However, although interpreted by certain domestic courts for the benefit of the LIA, as will be demonstrated in Section 4, the partial easing of the freezing measures has failed to relieve the practical constraints imposed on the management of the Libyan SWF.

2.3. The ICC-Requested Asset Freeze

It was also in Resolution 1970 that the UNSC opted ‘to refer the situation in the Libyan Arab Jamahiriya since 15 February 2011 to the Prosecutor of the International Criminal Court’,Footnote 39 a process pursuant to which the ICC Prosecutor swiftly opened an investigation into alleged crimes and, on 27 June 2011, successfully applied to the Pre-Trial Chamber for arrest warrants for Muammar Gaddafi,Footnote 40 his son and assumed heir Saif al-Islam Gaddafi,Footnote 41 and his Chief of Military Intelligence Abdullah al-Senussi.Footnote 42 With the proceedings against Muammar Gaddafi having been terminated following his death in November 2011, the ICC Prosecutor explicitly confirmed to the UNSC that he had requested several states to freeze assets belonging to the two surviving accused persons in the following terms:Footnote 43

The Office will also continue to search out the personal assets of Saif Al-Islam Gaddafi and Abdallah Al-Senussi for the potential benefit of the victims, through reparations awarded by the Court. Since the opening of the situation, the Office has been in contact with the UN Sanctions Committee, which is assisted by a Panel of Experts and with Interpol to coordinate its investigative efforts in relation to the assets of the suspects. The Court has sent at the end of September requests for assistance to Libya, State Parties, and five UN Security Council non-State Parties to identify, trace, seize and freeze all the personal assets belonging to the suspects. The Office strongly encourages the Security Council and States to assist the Court in identifying and isolating these assets.

As the Prosecutor's statement indicates, though the UNSC and ICC had each asked a number of states to freeze assets belonging to the same individuals, this is not to say that the measures serve precisely the same purpose(s).Footnote 44 According to Giorgio Sacerdoti and Pia Acconci:Footnote 45

The different purposes of the asset freeze by the [UN]SC and the seizure order by the ICC Prosecutor must be noted. The SC measures are aimed at preventing the targeted individuals of the Gaddafi regime to avail themselves of the funds and hide them, with the ultimate purpose that they be put at the disposal of the new legitimate Libyan government. The Prosecutor acts under the Rome Statute in order to preserve funds for the compensation of the victims.

To the latter, one could add further purposes, including the enforcement of orders of forfeiture or fines, if imposed upon conviction, and facilitating the arrest and surrender of the accused.Footnote 46

3. Implementing UNSC- and ICC-Requested Asset Freezes at the Domestic Level

UNSC resolutions requesting states to freeze the assets of those on sanctions lists are not self-executing but demand action from states to give effect to the measures at the domestic level.Footnote 47 The same can be said of requests issued by the ICC for the freezing of accused persons’ assets. Implementation can take place through legislative action on the supranational and/or domestic planes.

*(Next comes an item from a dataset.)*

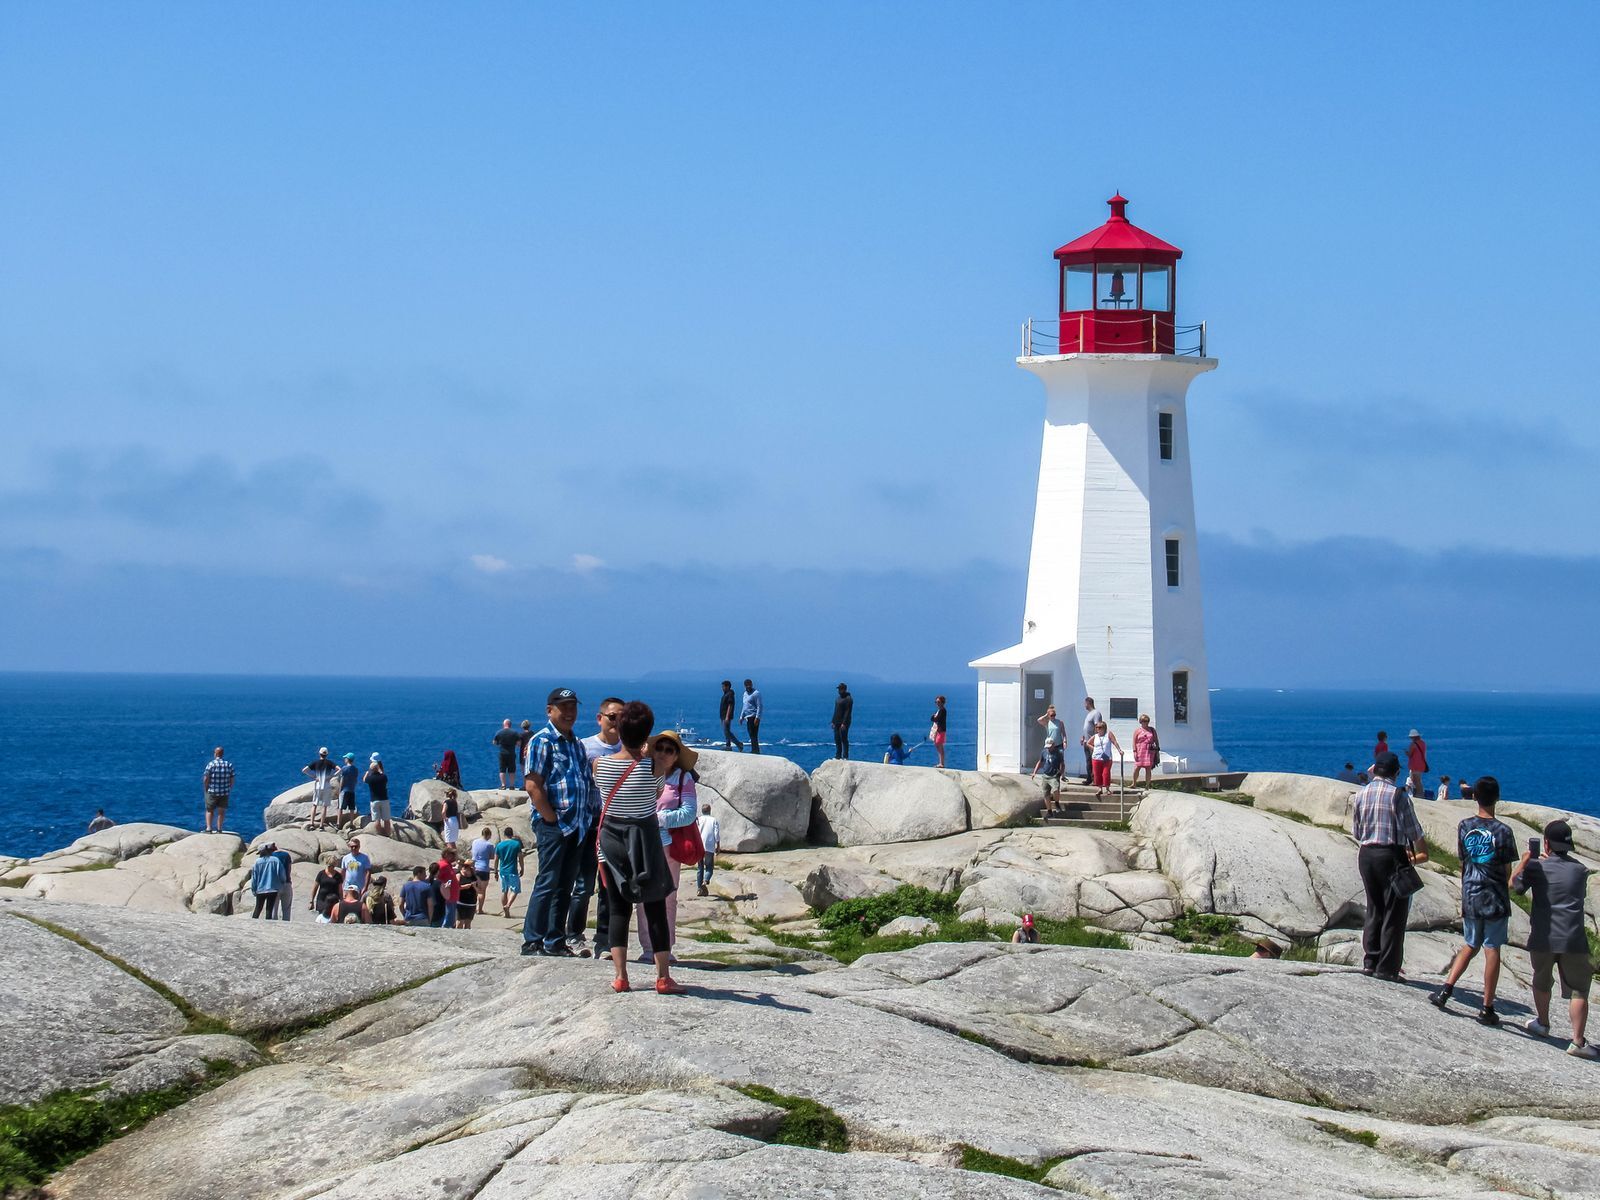 <p>The darling tourist attraction of the Maritimes, <a href="https://www.novascotia.com/see-do/attractions/peggys-cove-village-and-lighthouse/1468">Peggy’s Cove Lighthouse</a> is one of the most iconic—and maybe most photographed—lighthouses in Canada. The lighthouse and fishing village are most certainly worth the visit—if you’re not deterred, that is, by the cruise ship crowds and touristic nature of this iconic Canadian travel destination. For a more serene vibe, check out the Bay of Fundy’s charming <a href="https://www.novascotia.com/see-do/attractions/cape-dor-lighthouse/6027">Cape d'Or Coastal Park</a>.</p>

The following section will examine – both in general terms and with specific reference to the asset freezes in relation to Libya – how the UK implements UN sanctions in its national legal order and how Italy gives domestic effect to requests for cooperation encompassing asset-freezing measures sent by the Court.Footnote 48 First, however, because the UK was still an EU member state when it implemented the asset freeze ordered by the UNSC against individuals and entities in Libya, we will discuss briefly how UN sanctions are given effect in the EU legal order.

3.1. The European Union

It should be noted at the outset that the EU, unlike its member states, all of which are member states of the UN, is not subject to the direct obligation under Article 25 of the Charter of the United Nations (UN Charter) ‘to accept and carry out the decisions of the Security Council’.Footnote 49 Daniel Bethlehem expresses the following view: ‘If the EU has an obligation to act at all in relation to such measures, it is a derivative obligation based on the obligation of individual EU Member States under the Charter in respect of UNSC decisions and the transfer of competence in respect of such matters from the Member States to the Community’.Footnote 50 That said, the EU has nevertheless been granted the power to impose sanctions against states, non-state actors and both natural and legal persons by the Treaty on the Functioning of the European Union (TFEU) in the context of its Common Foreign and Security Policy (CFSP).Footnote 51 According to Article 215 TFEU:Footnote 52

1. Where a decision, adopted in accordance with Chapter 2 of Title V of the Treaty on European Union, provides for the interruption or reduction, in part or completely, of economic and financial relations with one or more third countries, the Council, acting by a qualified majority on a joint proposal from the High Representative of the Union for Foreign Affairs and Security Policy and the Commission, shall adopt the necessary measures. It shall inform the European Parliament thereof.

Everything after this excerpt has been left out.